What is required ->
The data below should be restated word for word, pictures omitted.

Given material ->

* * *

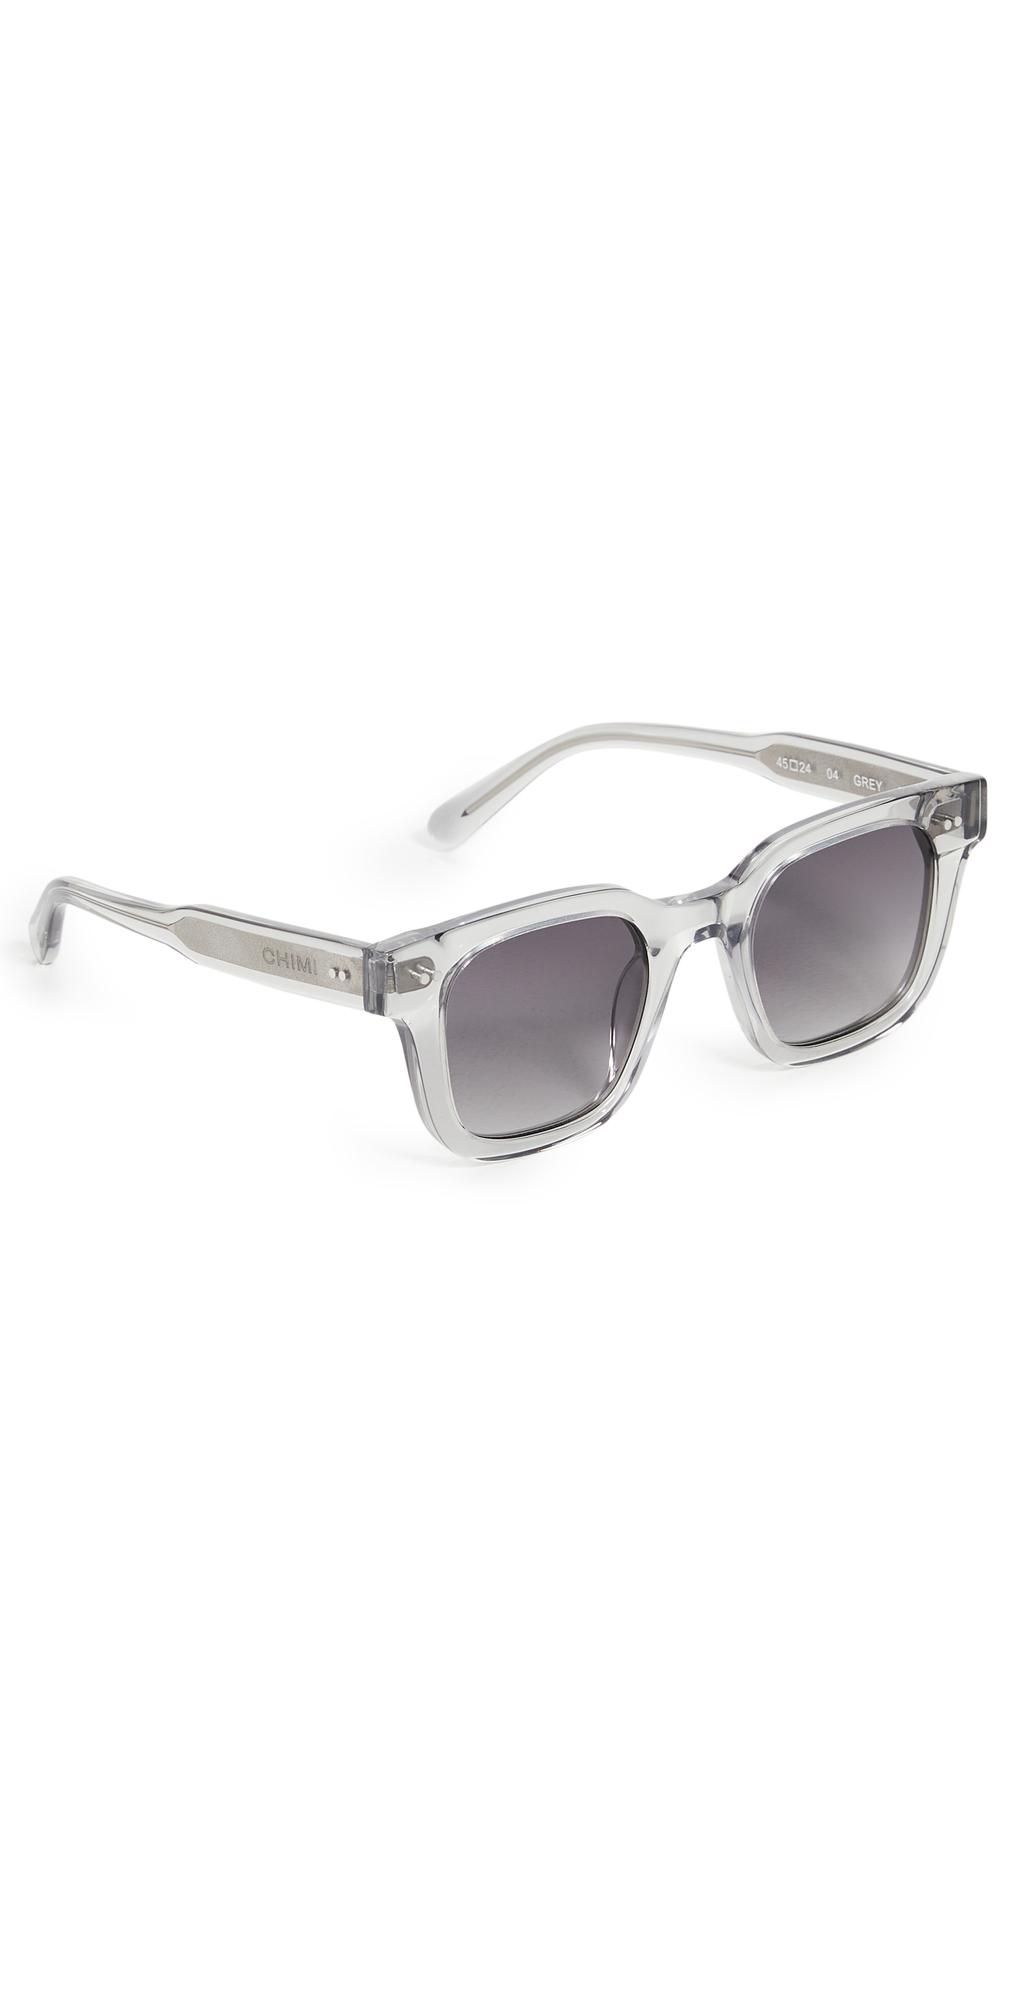 04 Sunglasses
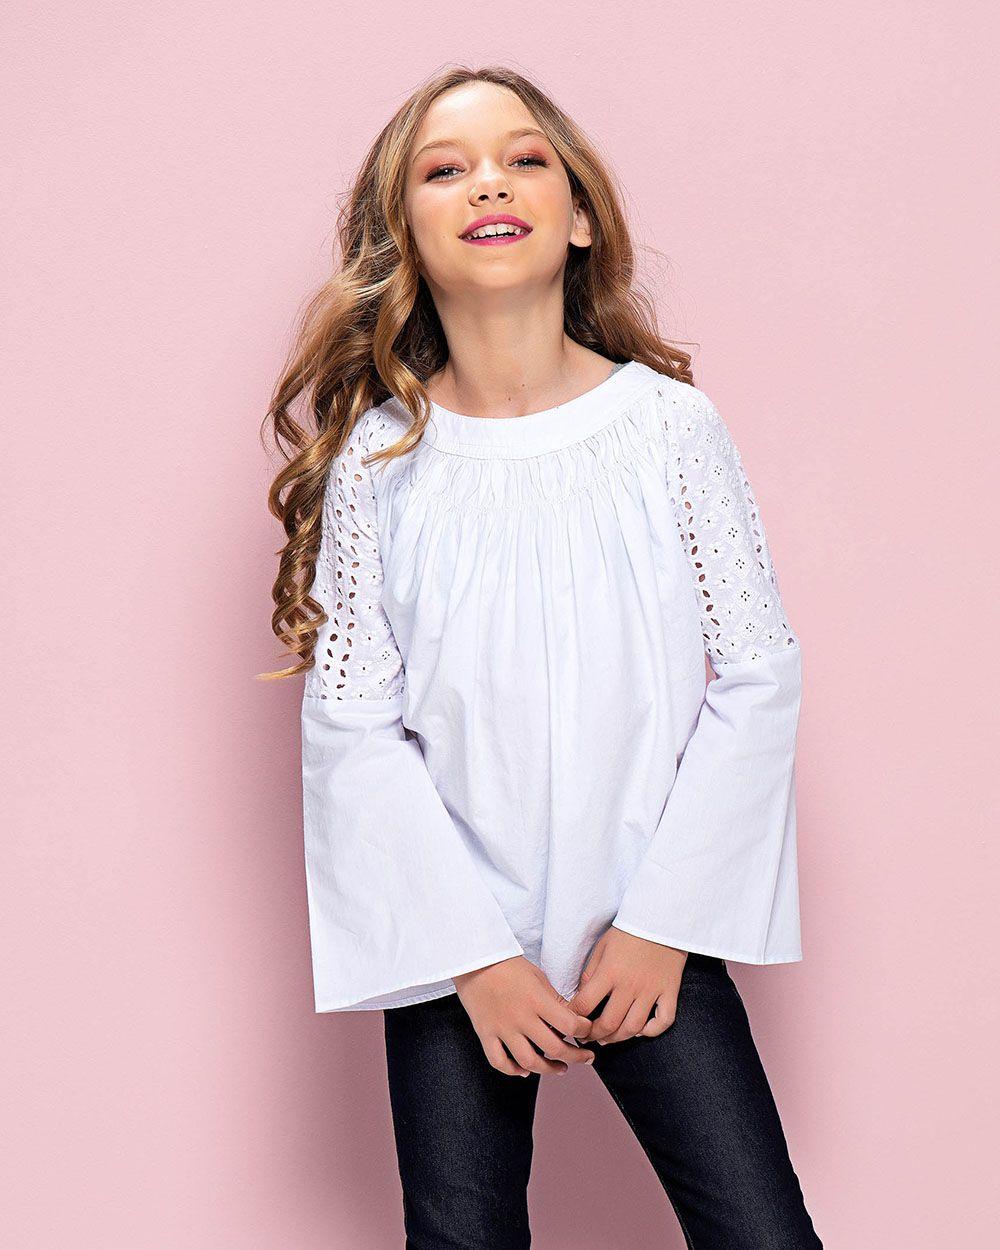 Camisa Menina Mania Kids Branca com Laise Manga 60903
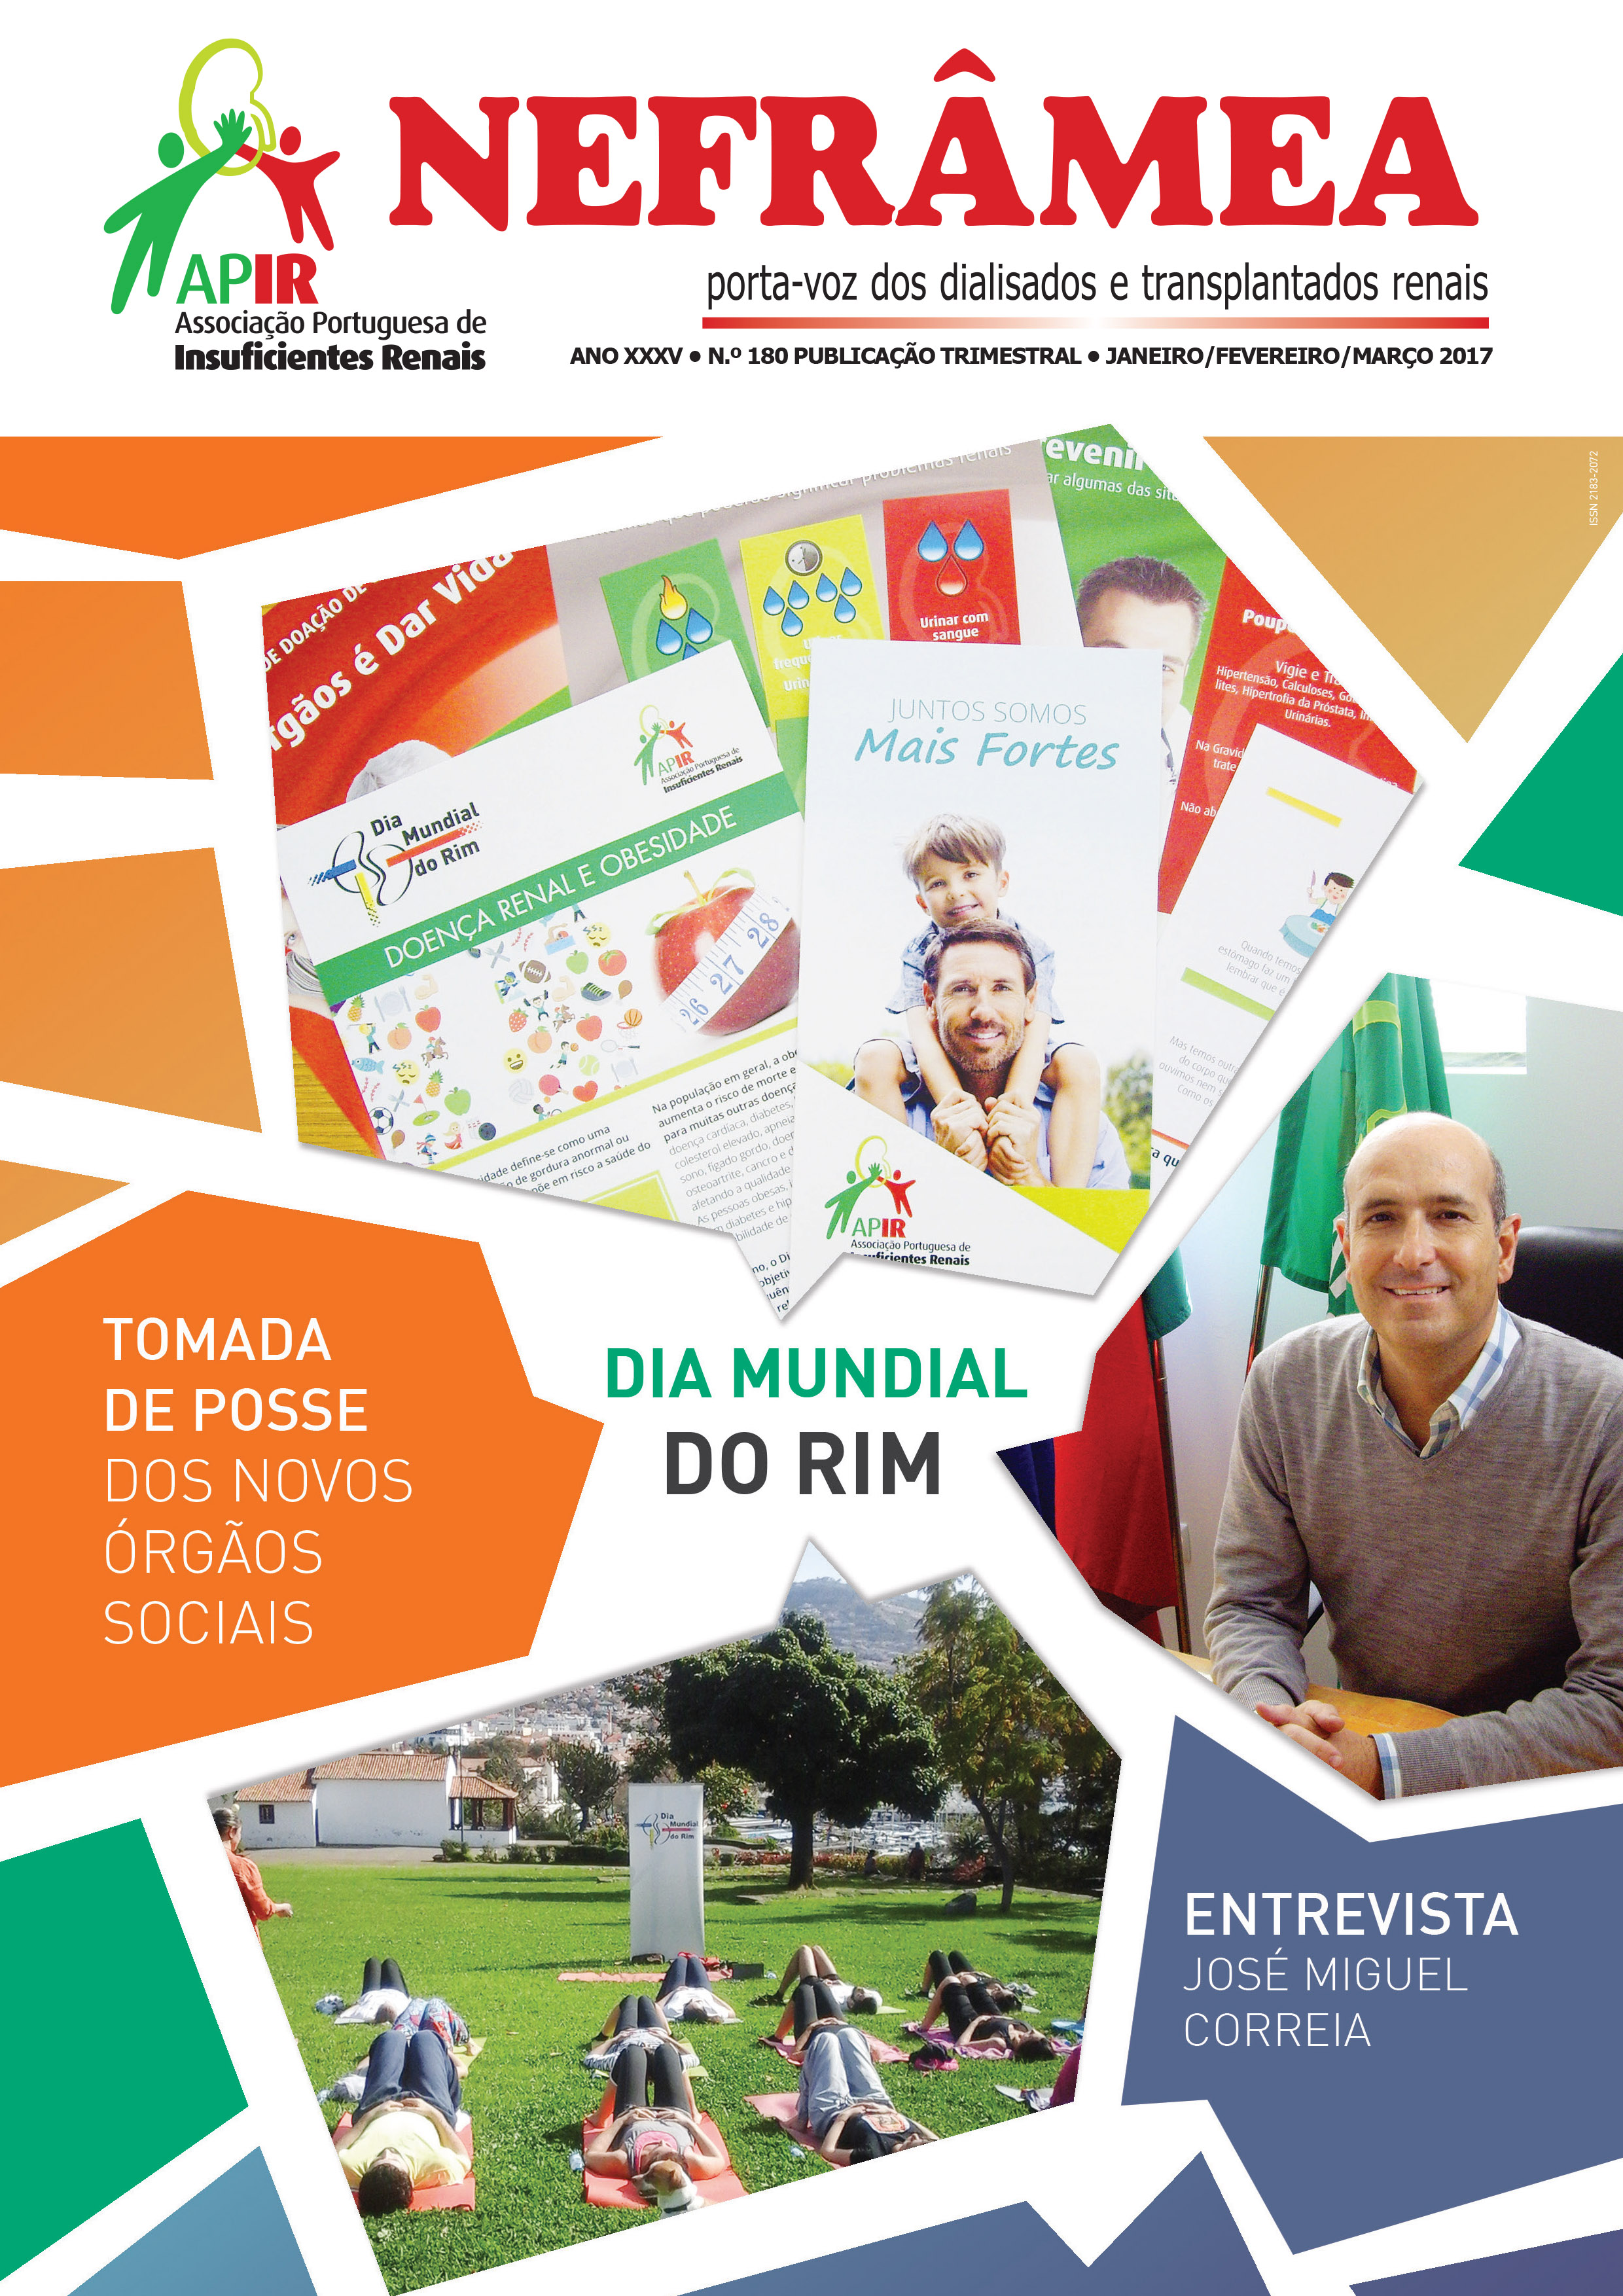 CAPA Revista Neframea 180

* * *

Expected output ->
 04 Sunglasses
 Camisa Menina Mania Kids Branca com Laise Manga 60903
 CAPA Revista Neframea 180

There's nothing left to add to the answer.